** Data records **
* * * *

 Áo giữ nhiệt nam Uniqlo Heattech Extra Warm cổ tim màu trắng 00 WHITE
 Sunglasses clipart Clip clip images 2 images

* * * *

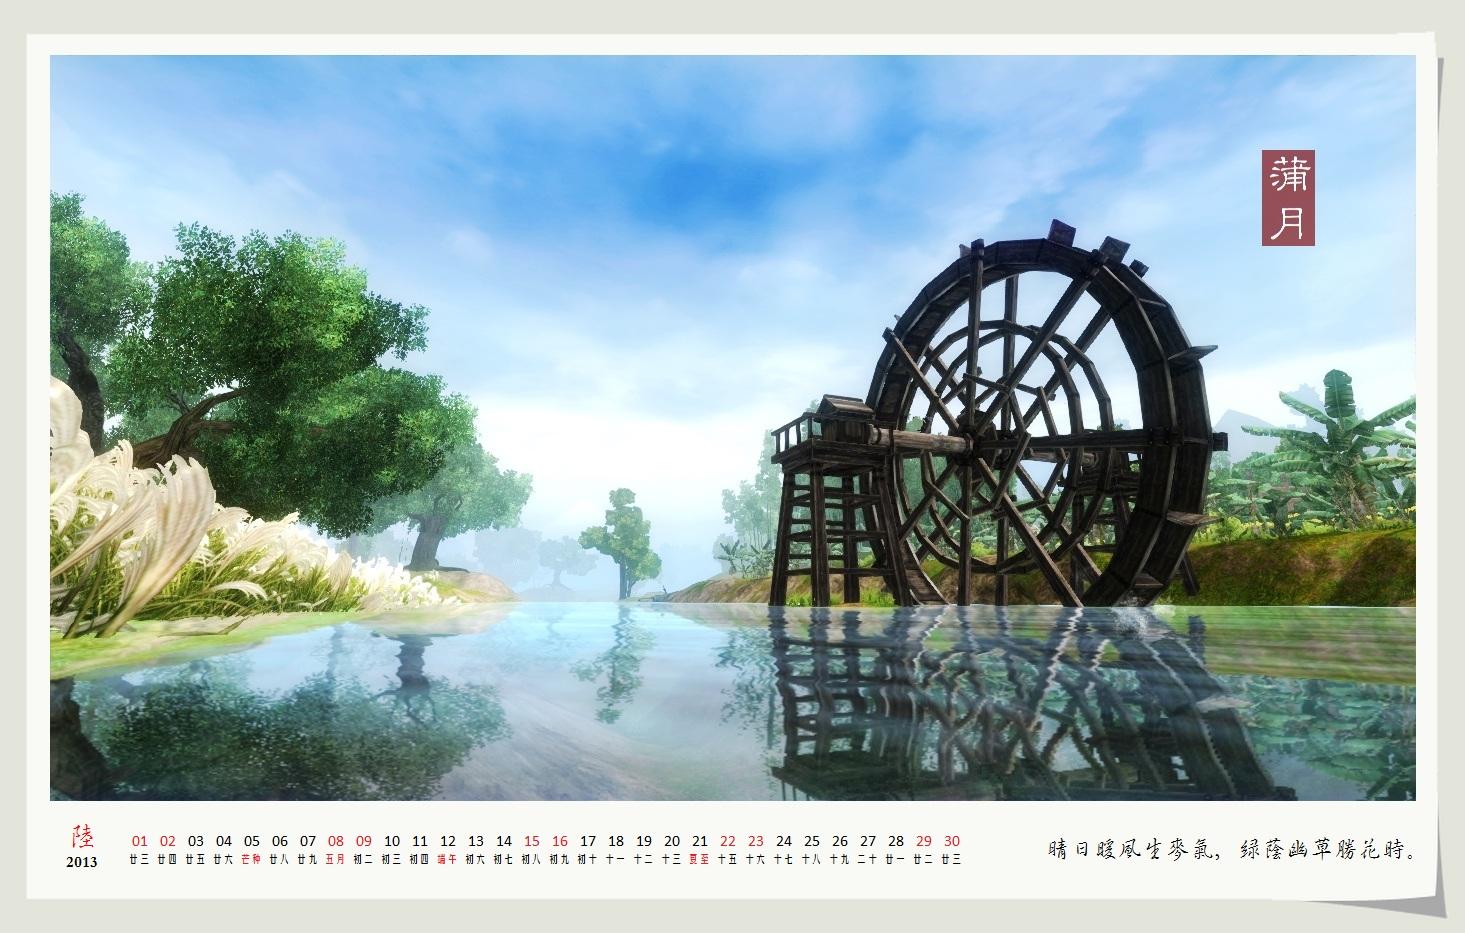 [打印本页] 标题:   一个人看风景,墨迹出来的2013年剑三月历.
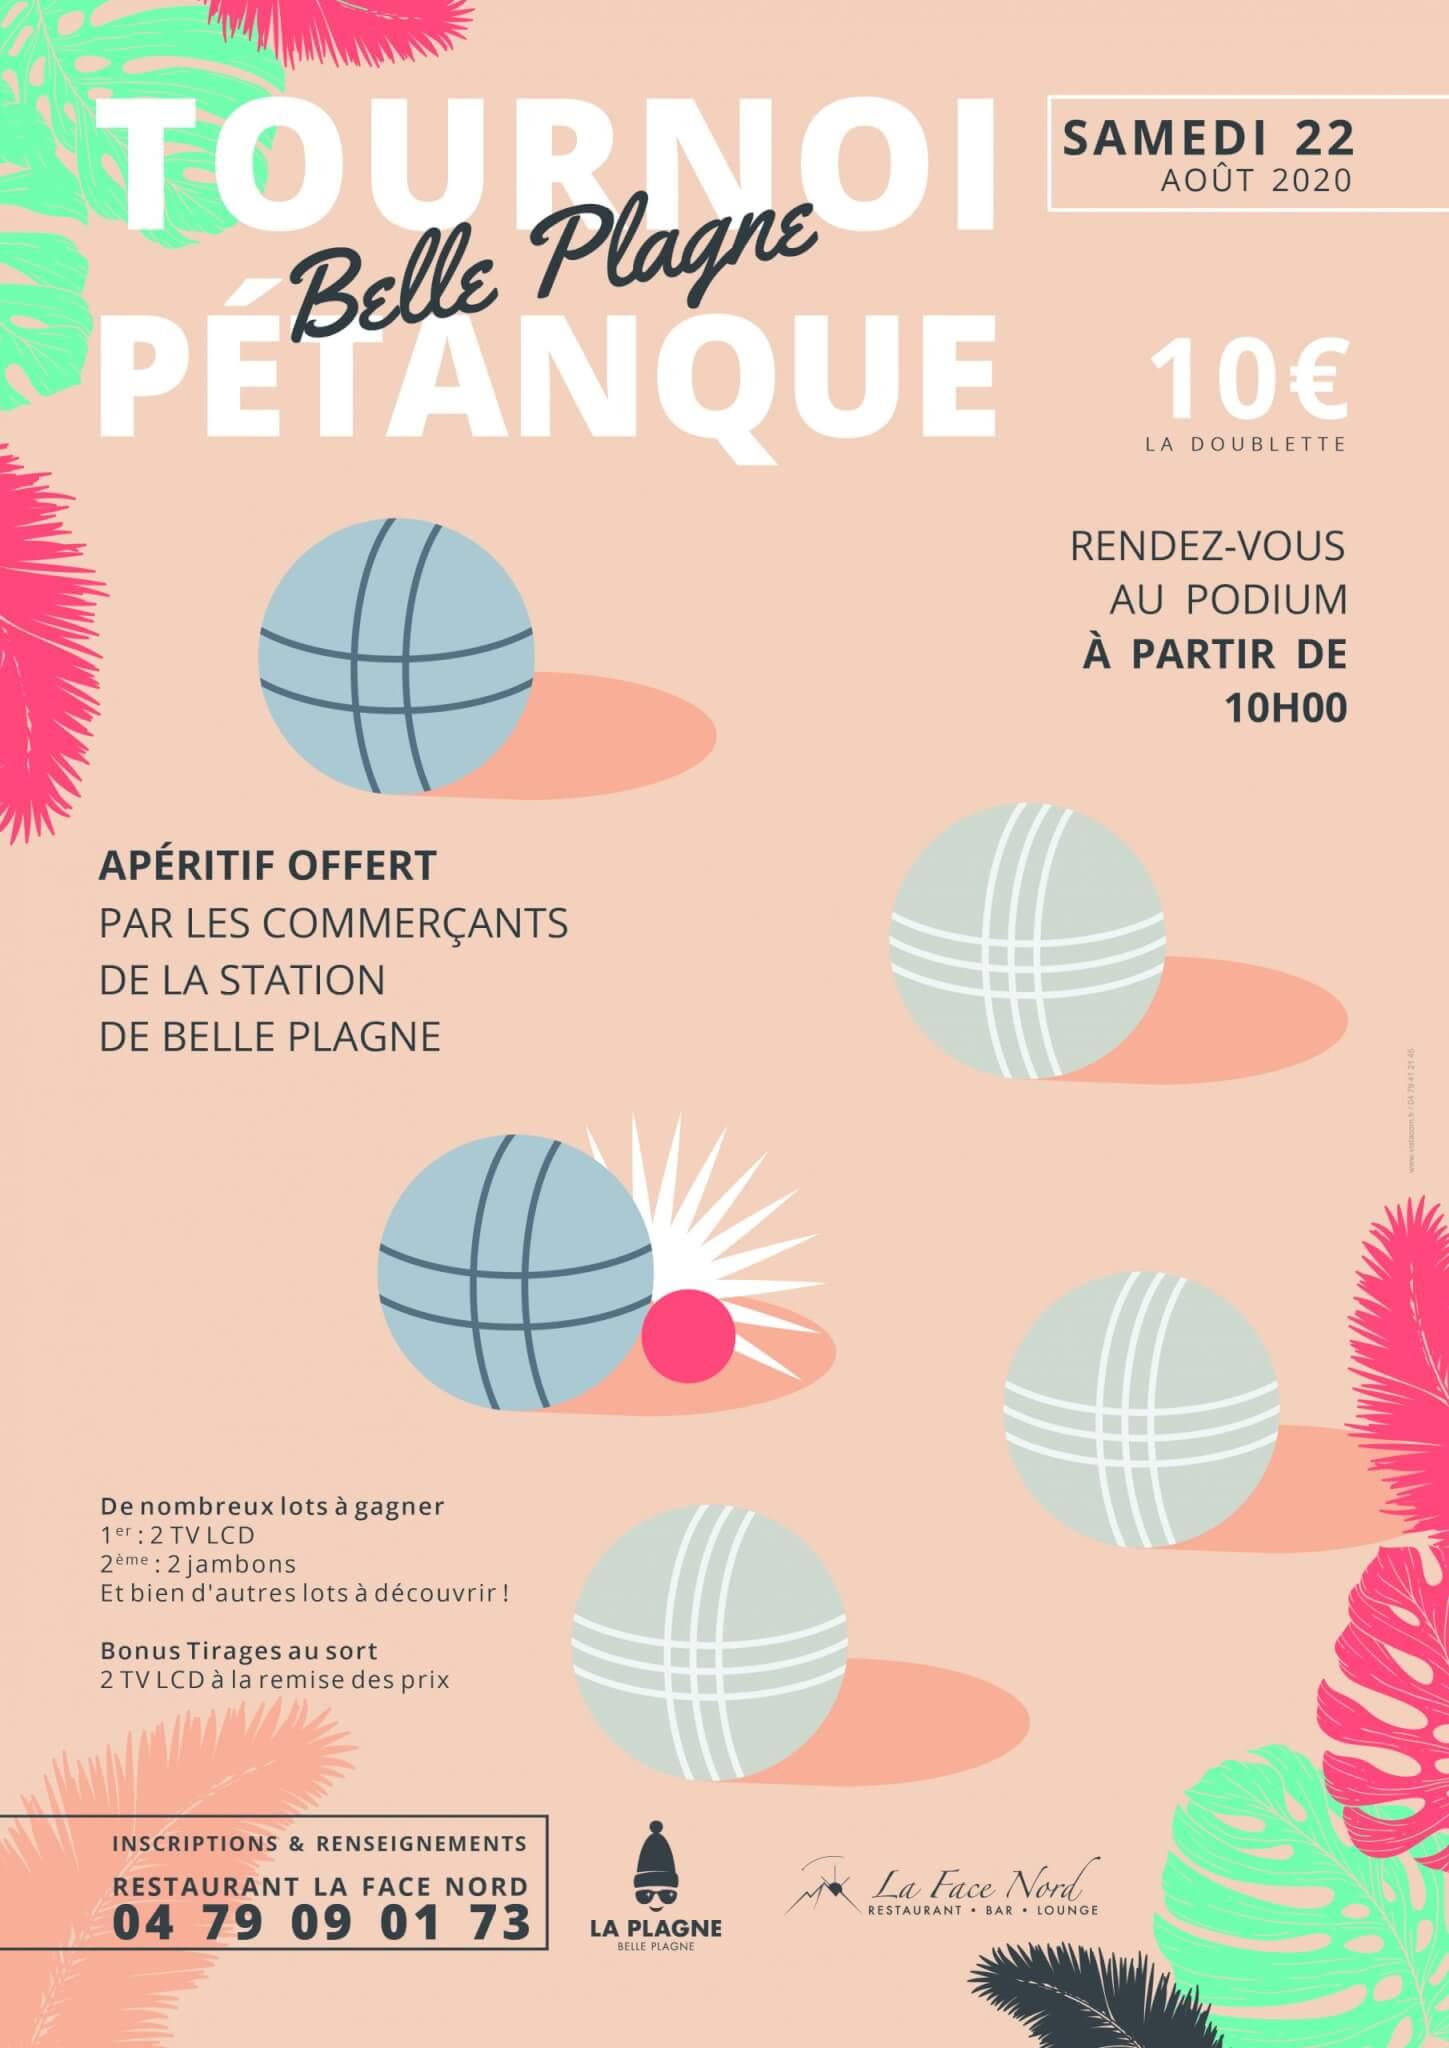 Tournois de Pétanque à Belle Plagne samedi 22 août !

* * * *

** What you have to do **
Look above for the line with "Áo giữ nhiệt" and the line with "Sunglasses clipart Clip clip images 2 images". Retype those two lines and every line between them exactly, adding nothing.

** Output for this exercise **
 Áo giữ nhiệt nam Uniqlo Heattech Extra Warm cổ tim màu trắng 00 WHITE
 Sunglasses clipart Clip clip images 2 images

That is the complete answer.